We make it through the front doors. Claire and Blue are standing off to one side, squeezed into a corner. Blue Hermann is breathing heavily and sweat is beaded on his upper lip. The Wringer of Life has wrung him again.
The walls of the Toronto Gardens foyer are covered with pictures. The biggest is a painted portrait of Clay and Jane Clinton. They’re posed with Clay sitting down, one leg draped easily over the other, Jane standing behind him and resting a hand on his shoulder. This painting is a heap of lies. Clay’s potbelly is gone and the artist has lightened up the rum-ruddiness of Clinton’s face. Around the age of fifty-two, blood vessels started exploding on Clay’s face, and sometimes his aspect was like a road map. The other lies have to do with Janey. Not that the artist hedged on the weight or changed her complexion or anything. No, the big lie is that she was there at all, with Clay.

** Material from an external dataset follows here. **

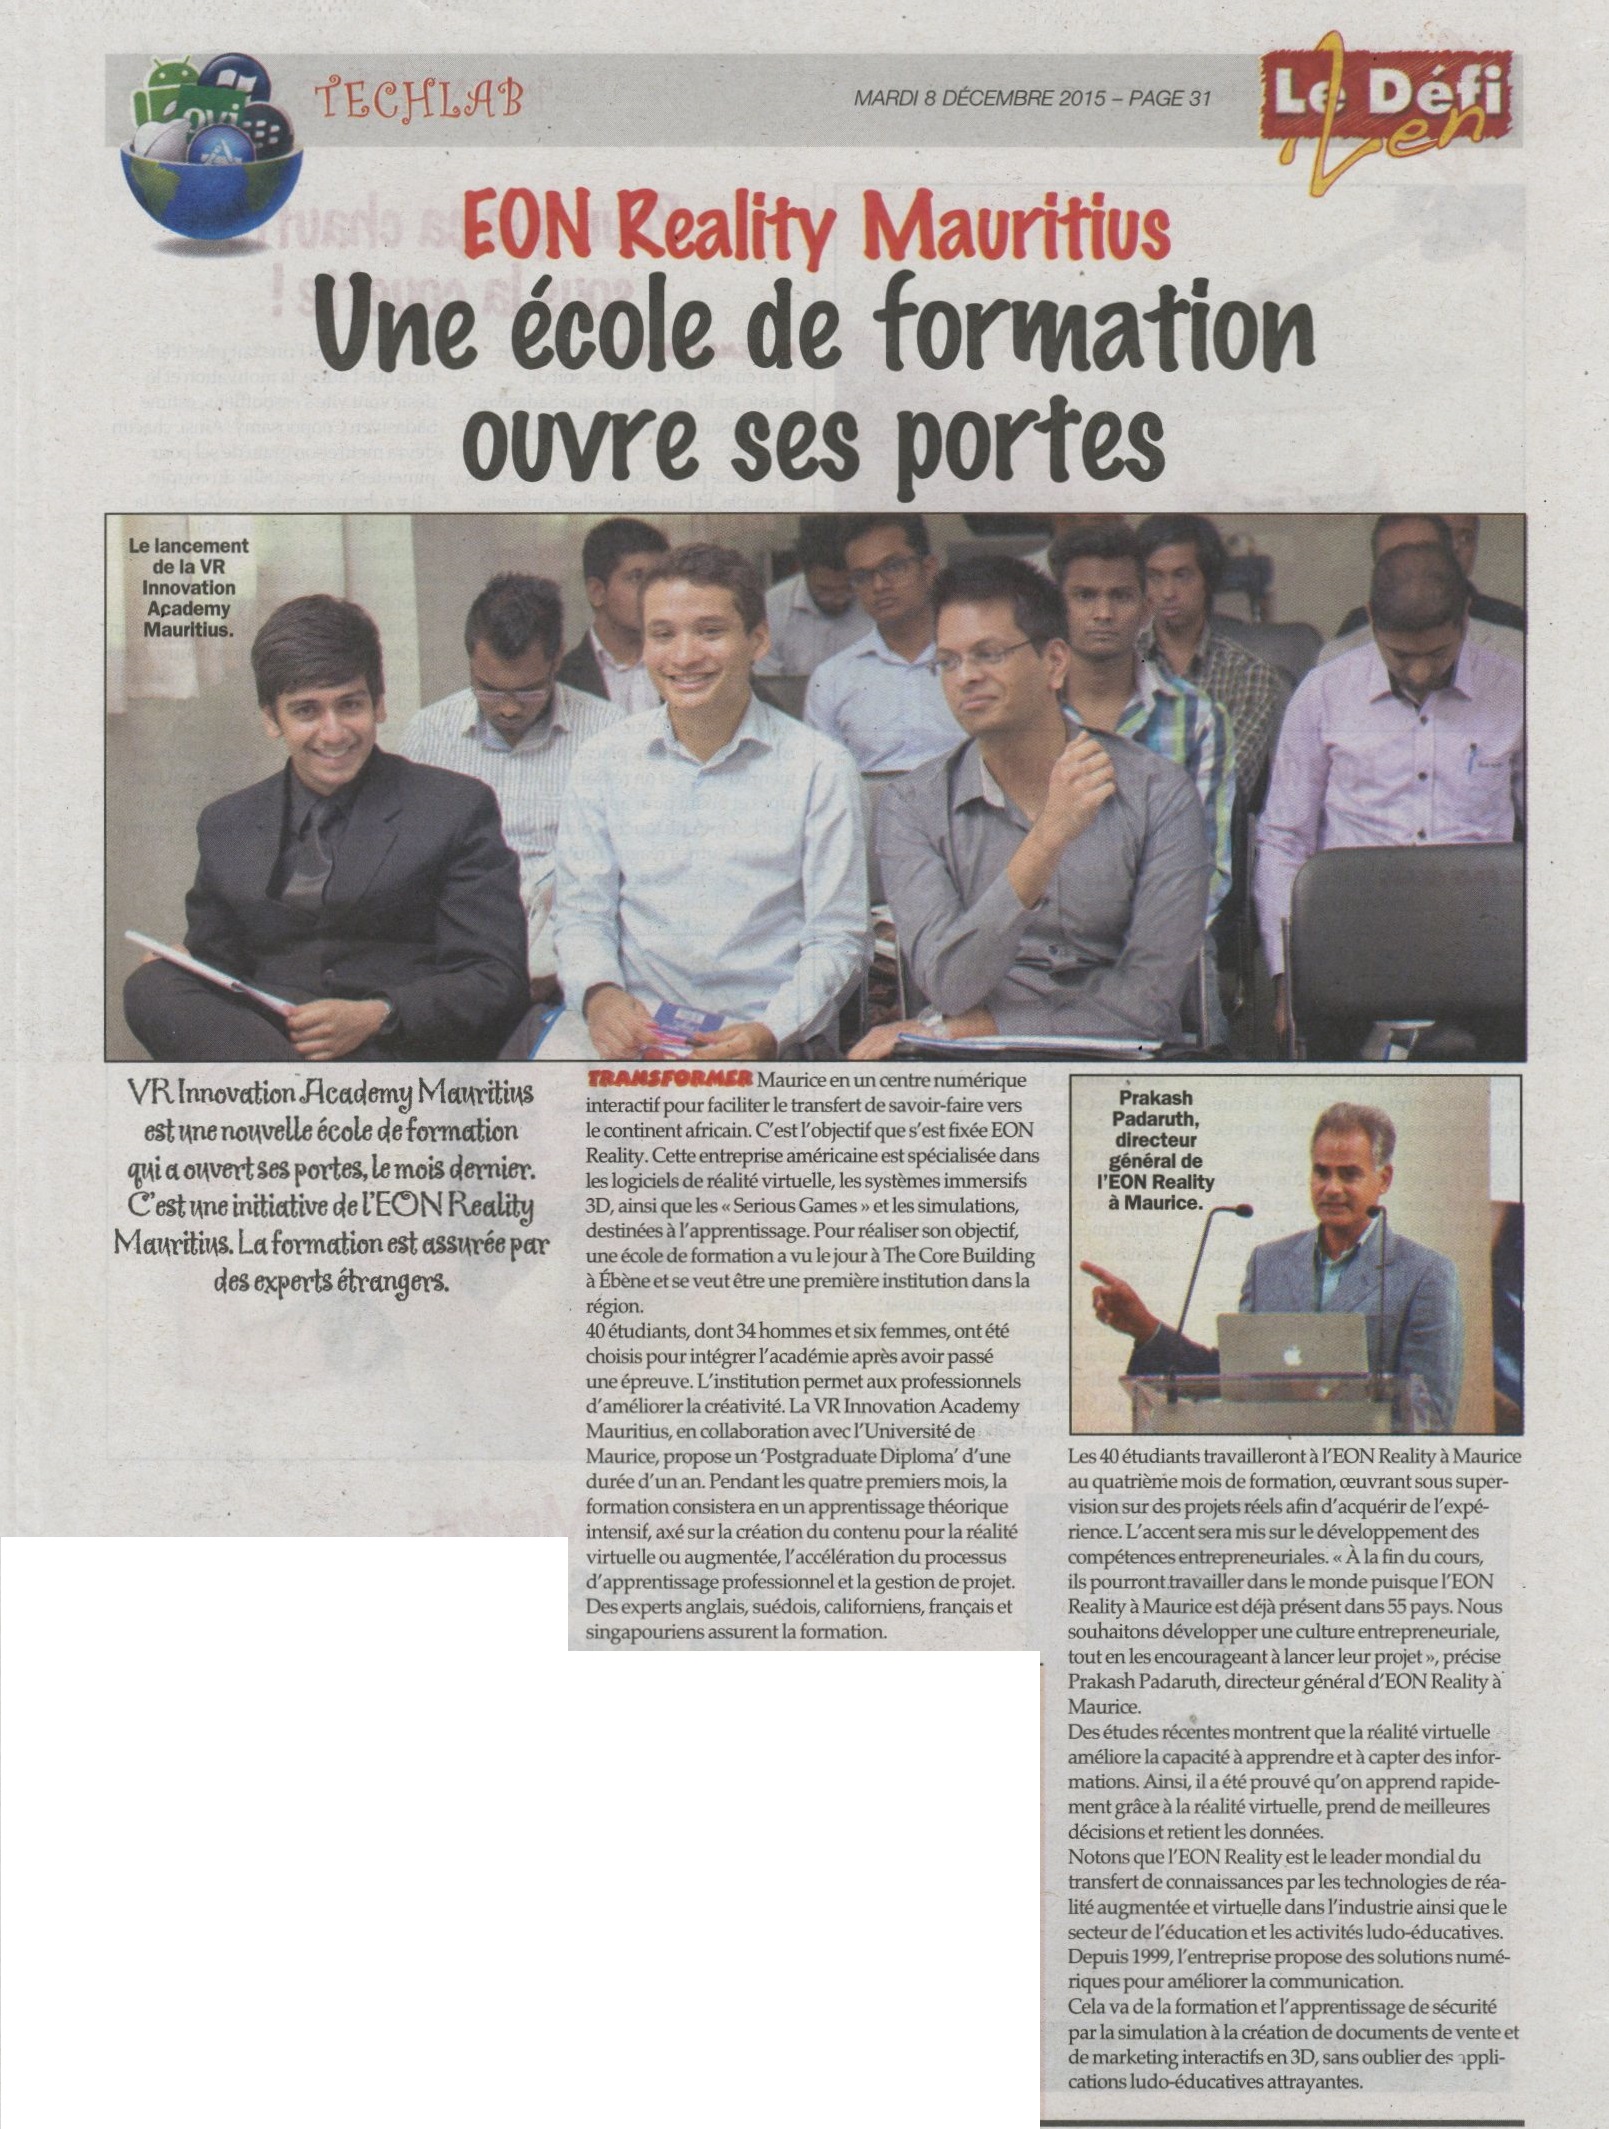 Défi Quotidien (MU) Newsroom:  A transformation school opens its doors

Over there is a photograph of Manfred Armstrong Ozikean.
I look back at Clay Bors Clinton. He’s still grinning.
No, I tell him.
No, I don’t think we better had, Clay-boy. He’s doing fine right here. Everybody’s happy. It’s a bad idea. What the hell was you thinking? I believe I’ll put the kibosh on that deal pronto.
Hand on the elbow.
Blue, I got a quote for the Daily Planet. Take this down. Clay Clinton came up with an idea for a trade, but the King ix-nayed it. I said no, forget about it, and it never happened. Print that up in the Daily Planet, will you, Hermann?

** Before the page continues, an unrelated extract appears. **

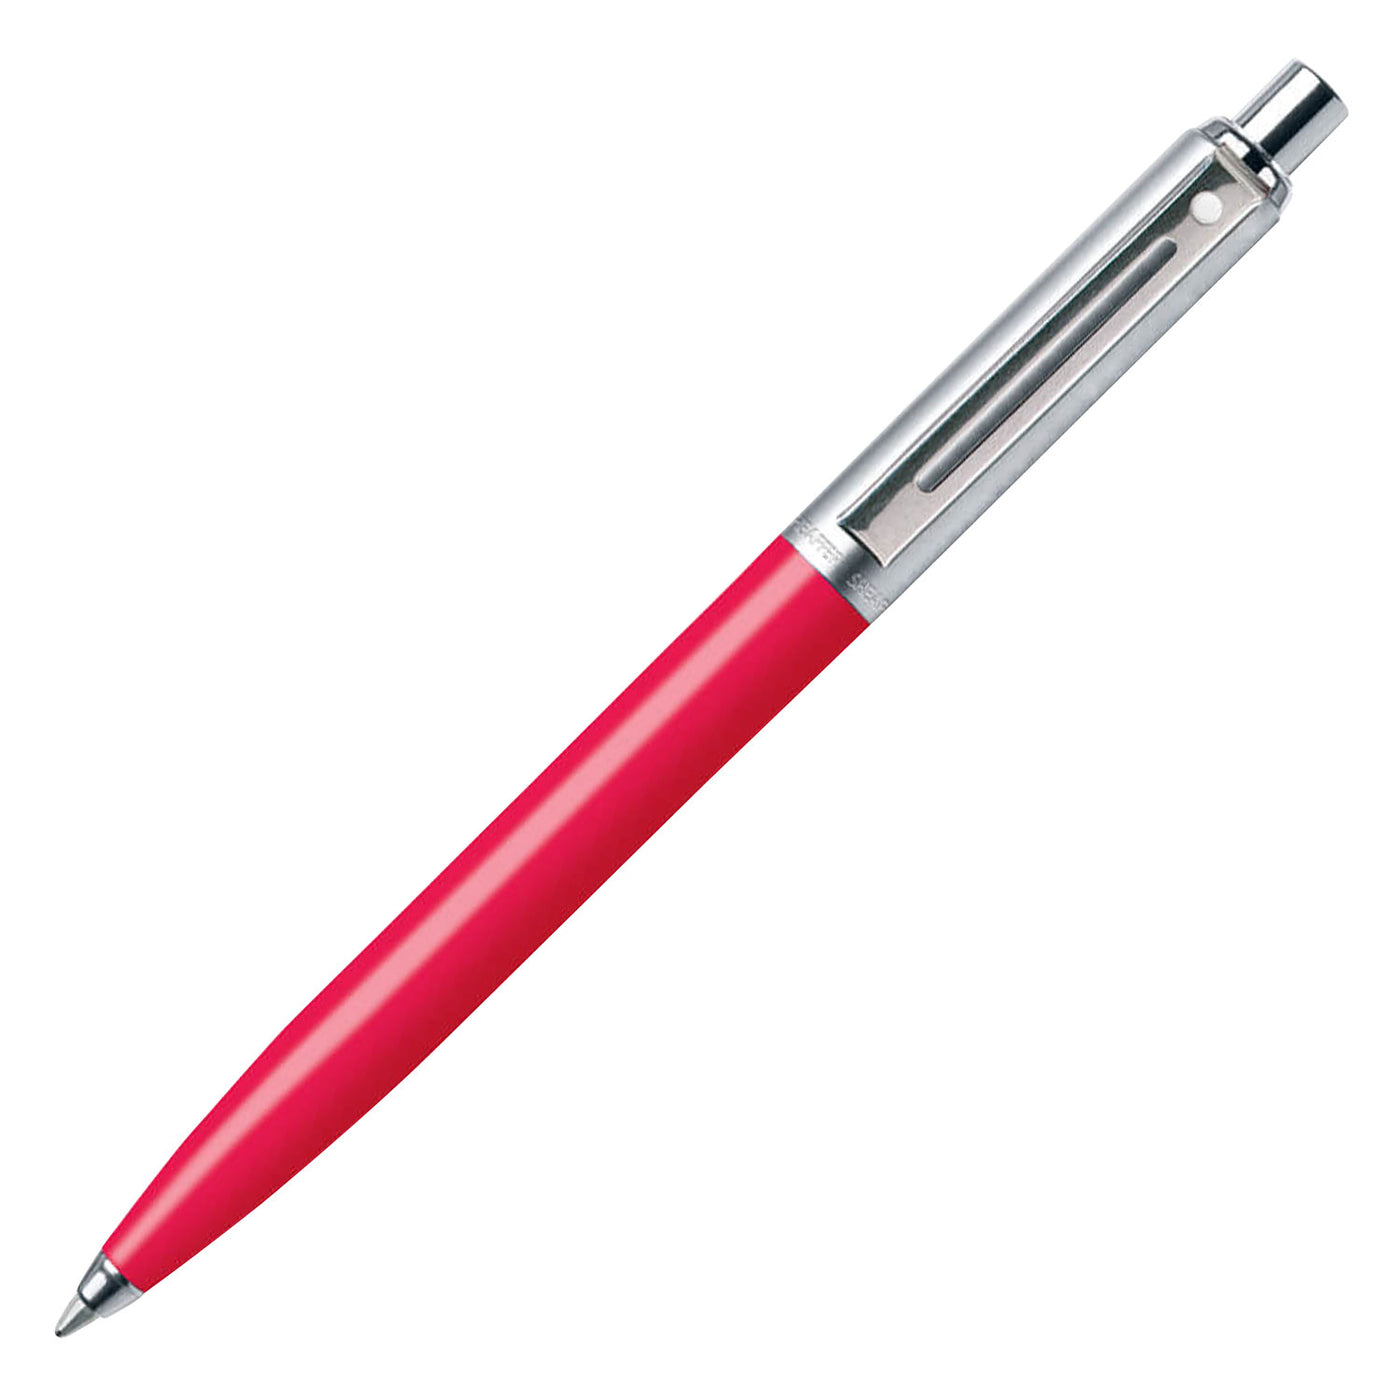 Sheaffer Sentinel Ball Pen - Pink & Brushed Chrome 1

I know Hermann will run that story, because I’m director of hockey operations here at the Toronto Gardens. That’s my job. My office is right down this way. I notice that Blue Hermann is following along. Lord, he looks awful. He must have caught a hangover that won’t let go. He likely wants a scoop. All right, Hermann, I’ll give you all the gen on the Toronto Maple Leaves. You want a quote about tonight’s game against the Canadiens? Surely. You know me, Blue, I got the gift of the gab and I’ve kissed the Blarney Stone. Step into my office. Well, sir, the Montreal defense is a little like Old Mother Leary. Ancient and holy. That’s a quote for you, Hermann, print that up in the Daily Planet. Wait a second. Lonny Chandrian is in my office. What can I do for you, Lonny? Why haven’t you got your head usher’s outfit on? You can’t do tonight’s game in that fancy checkered sports jacket. By the by, what the hell happened to your hair? You just got two little gray strips that circle around your sticky-out ears. Not many boys go bald at sixteen, Lonny. I think maybe you better see your family doctor.

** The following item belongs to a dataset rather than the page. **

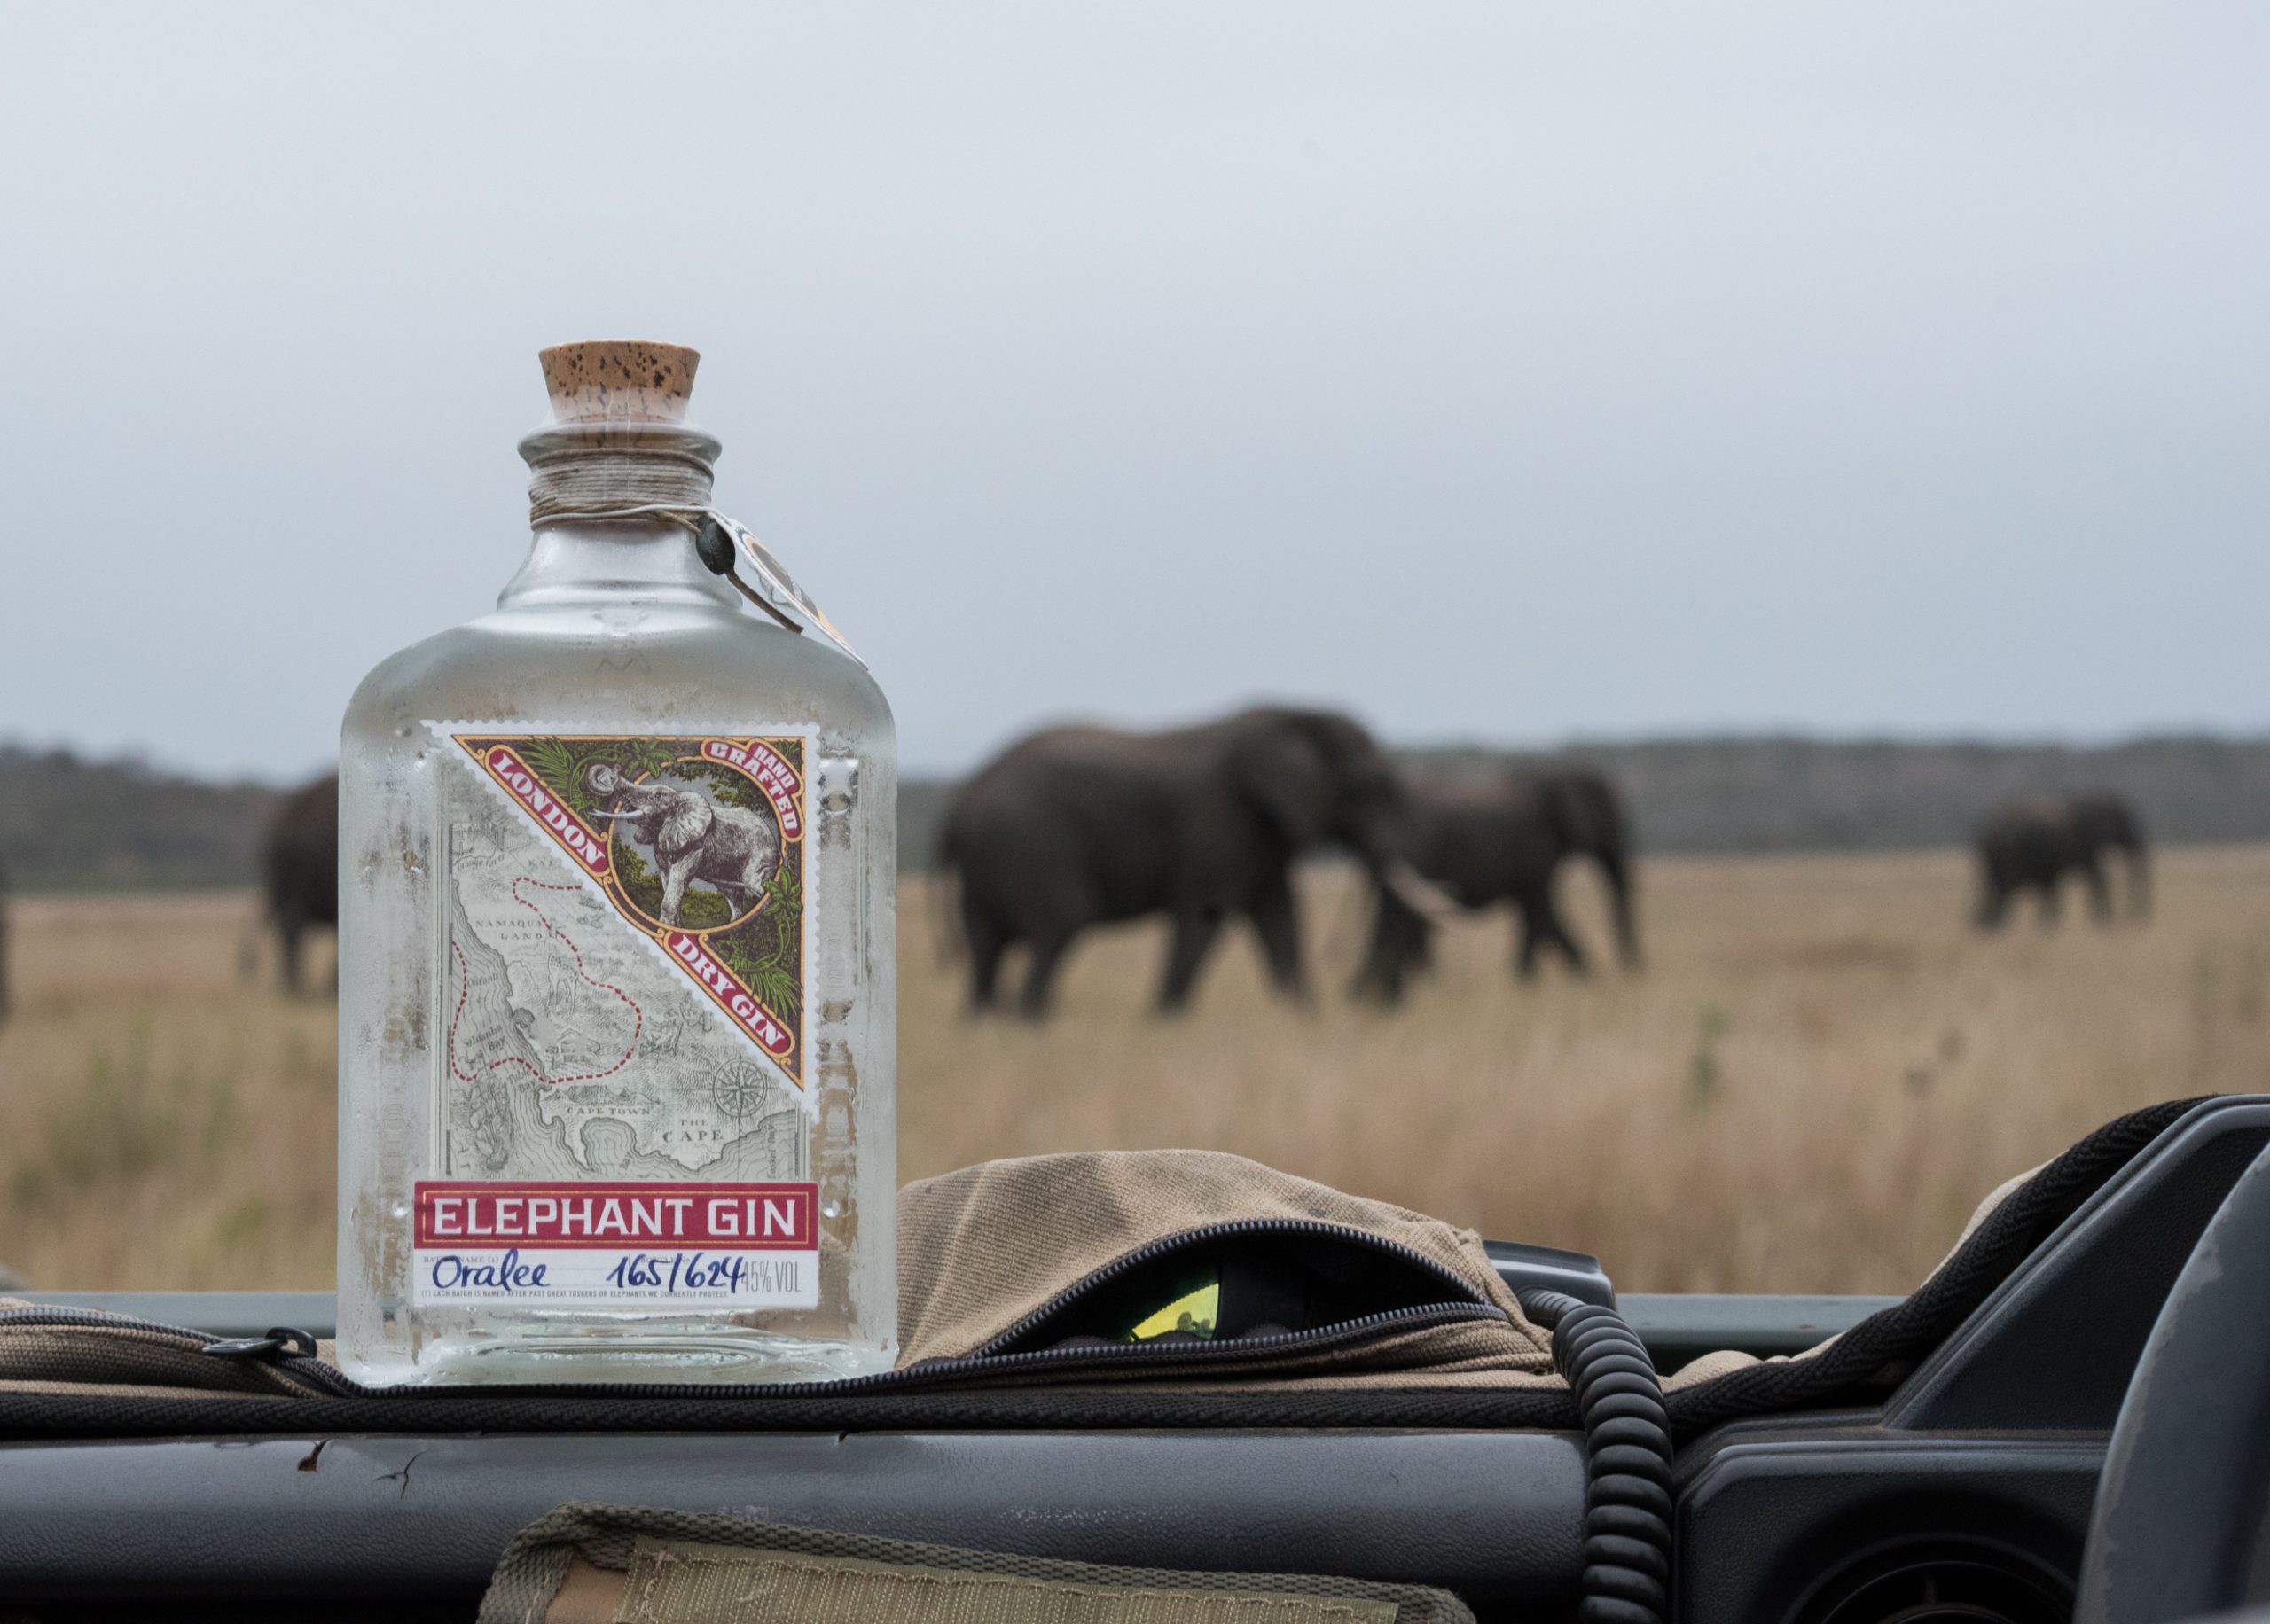 Elephant Gin launches new 15% lighter bottle

Now, Hermann, what was I saying? Oh, yeah, about tonight’s game. Run along now, Lonny. Change into your head usher’s outfit. If you see Mr. Clinton, tell him I’ll be along directly. I’m just having a chat with Hermann, star reporter from the Daily Planet. Who’s that over there? That there is the Claire thing, Lonny. That is Iain. You surely ask a lot of questions for a head usher. Director of hockey operations? Wait a second here.
Hand on my elbow.
I’ll go sit on my chesterfield. Yes, all right, that’s a good idea. Iain, I hope I don’t have to fire Lonny. It would break his mother’s heart. What do you suppose got into the boy? He dresses like an oddball, he thinks he’s got my job! Rest for a while? Are you crazy, Iain? Big game tonight, Leaves versus Canadiens. Traditional rivalry. Ottawa? No, we played Ottawa last week. Got stung for seven goals, mostly because Jim McMann stank up the joint. What’s that, Lonny? McMann died? McMann might have played like a dead man, and if he ever plays another game like that, by Jesus he’ll wish he were dead, but as far as I know he’s fit as a fiddle, although I’m putting the rookie Linehan between the pipes tonight. Iain, can I go back to my room now? I’m a wee bit slackered. Maybe Mrs. Ames could give me a little something. Blue Hermann, I got a quote for the Daily Planet. Take this down. “Leary Says No. En-Oh. No.” I put the kibosh on that deal, Blue-boy. Good idea, Iain, I believe I will stretch out. It’s been a long day. Always a lot of excitement when the Canadiens come into the Gardens. Traditional rivalry. The best kind. Traditional rivalry.